(Data to examine Opens)

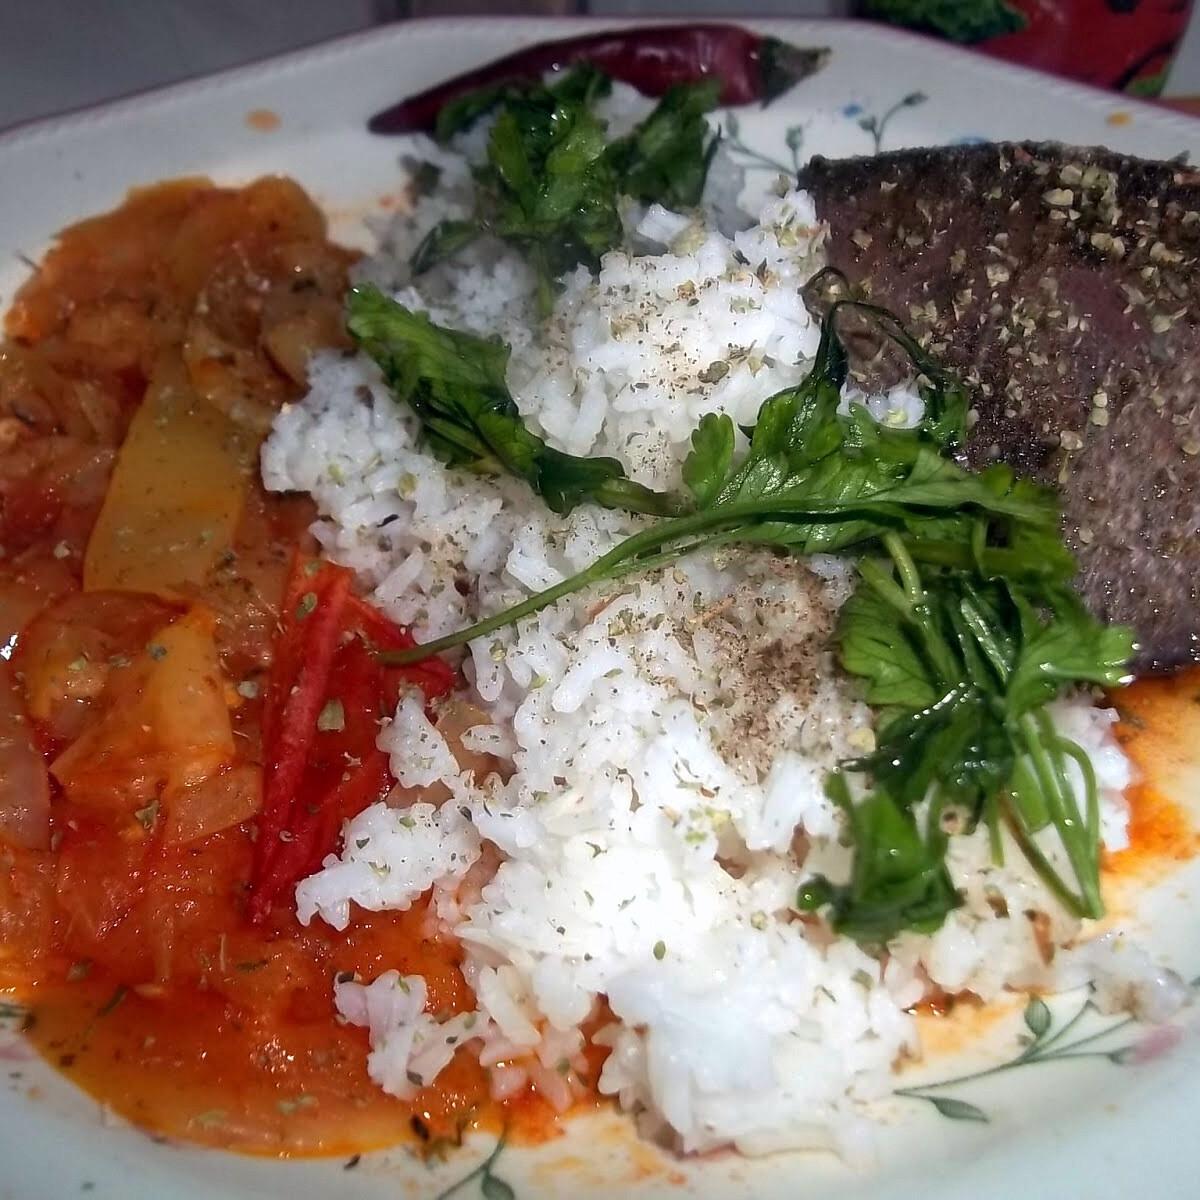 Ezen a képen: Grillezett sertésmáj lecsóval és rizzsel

(Data to examine Closes)
(Data to examine Opens)

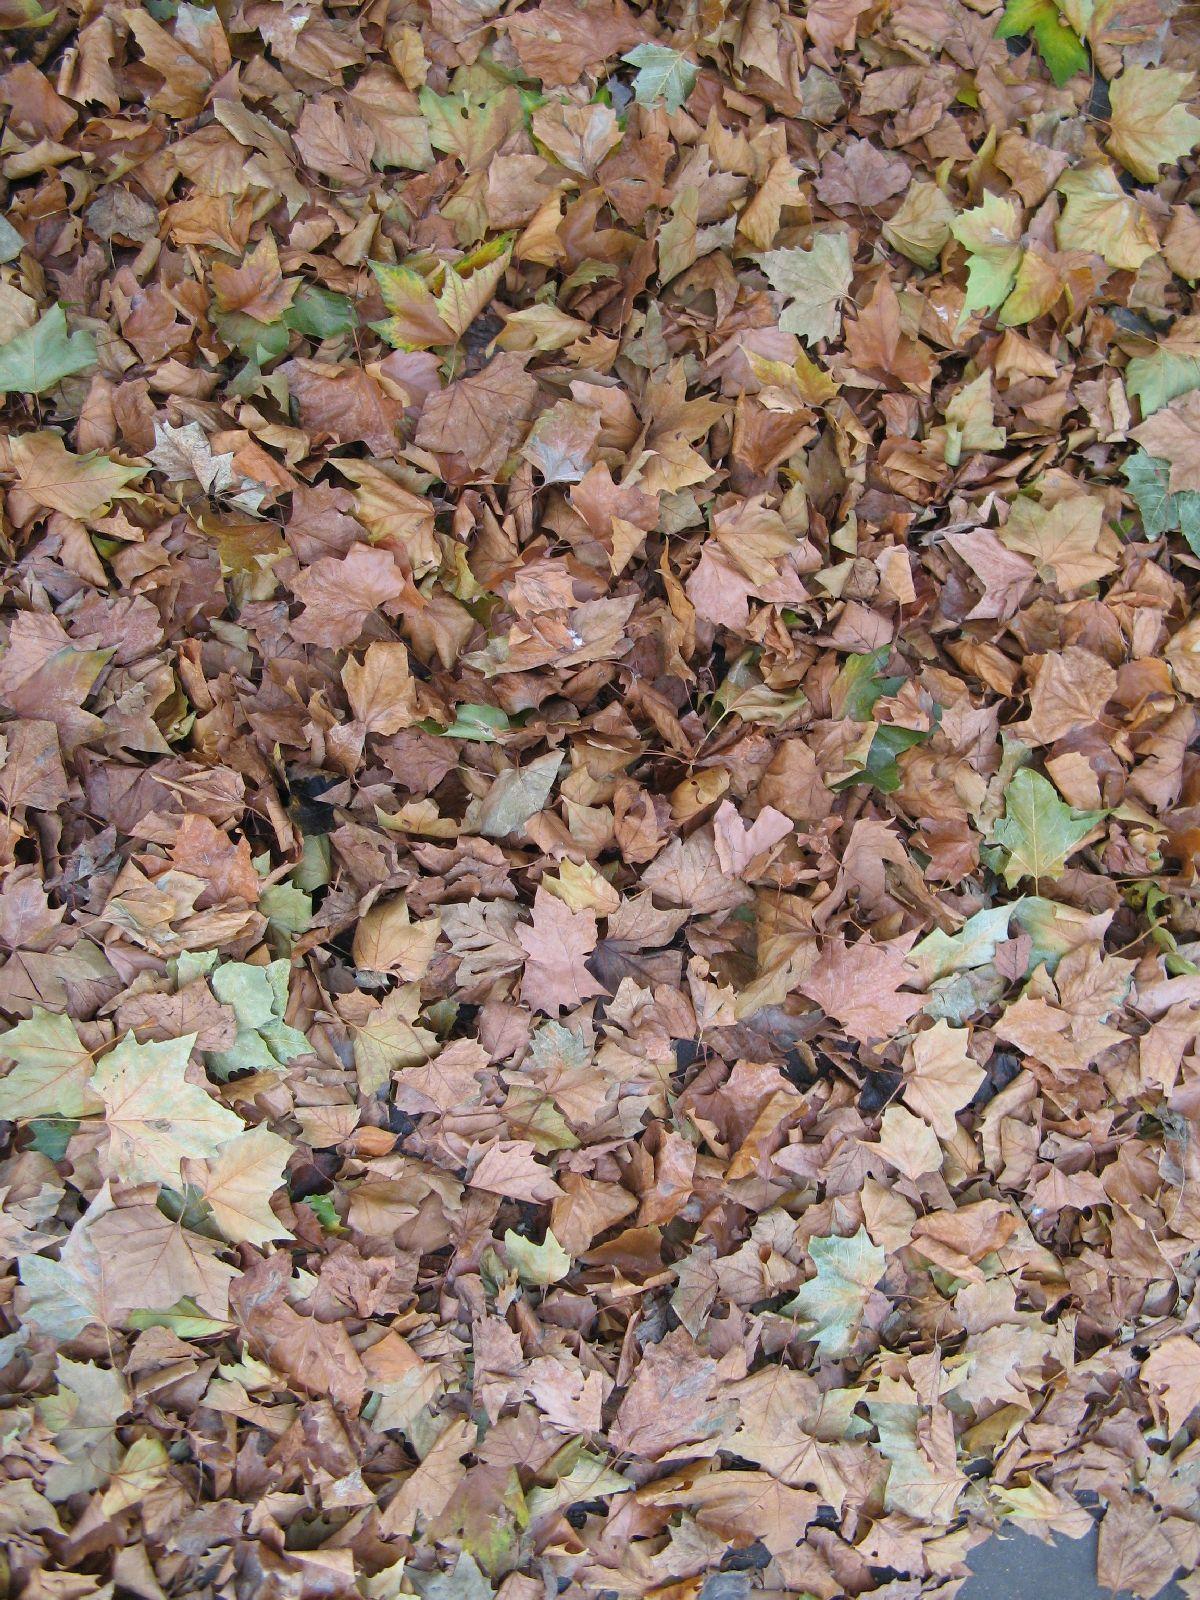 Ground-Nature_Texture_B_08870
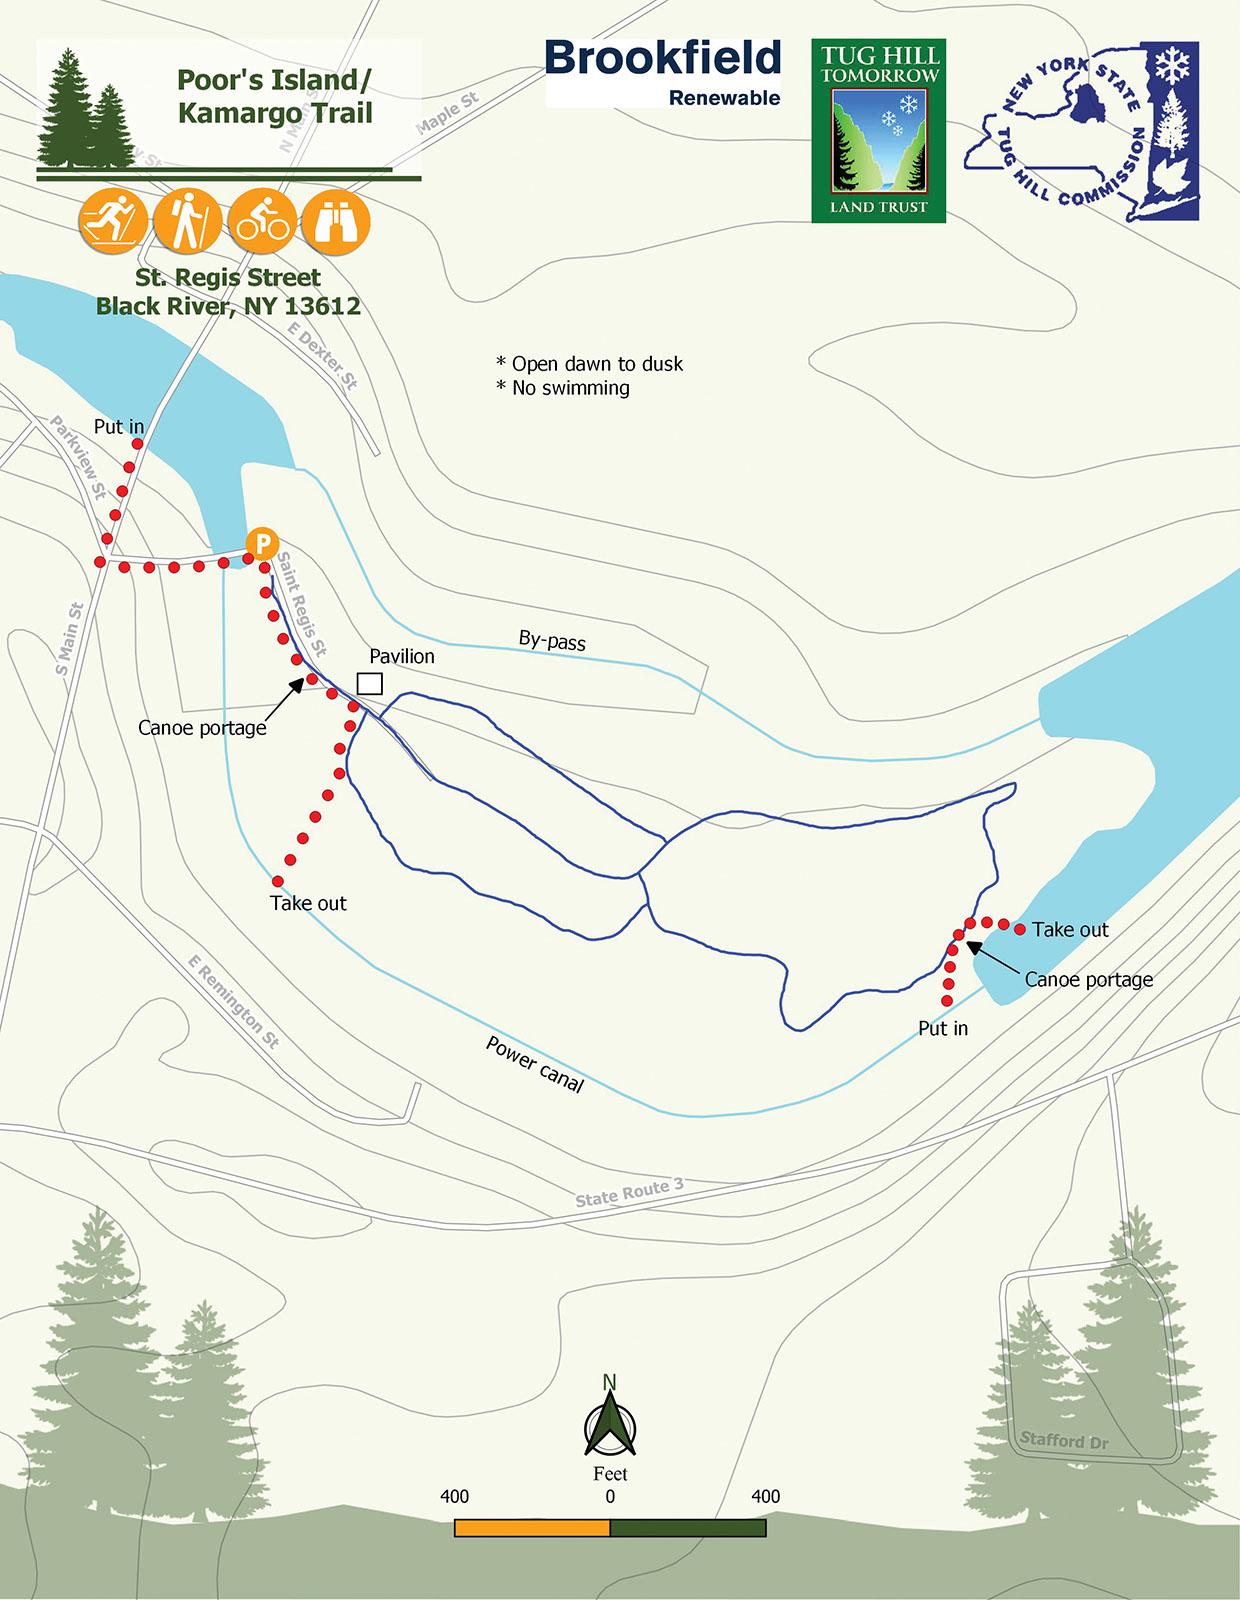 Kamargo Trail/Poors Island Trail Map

(Data to examine Closes)

> **Exercise prompt**
Now transcribe the lines above exactly, starting at the line containing "Ground-Nature_Texture_B_08870" and ending at the line containing "Kamargo Trail/Poors Island Trail Map", both lines included, pictures excluded.

> **Answer for this exercise**
 Ground-Nature_Texture_B_08870
 Kamargo Trail/Poors Island Trail Map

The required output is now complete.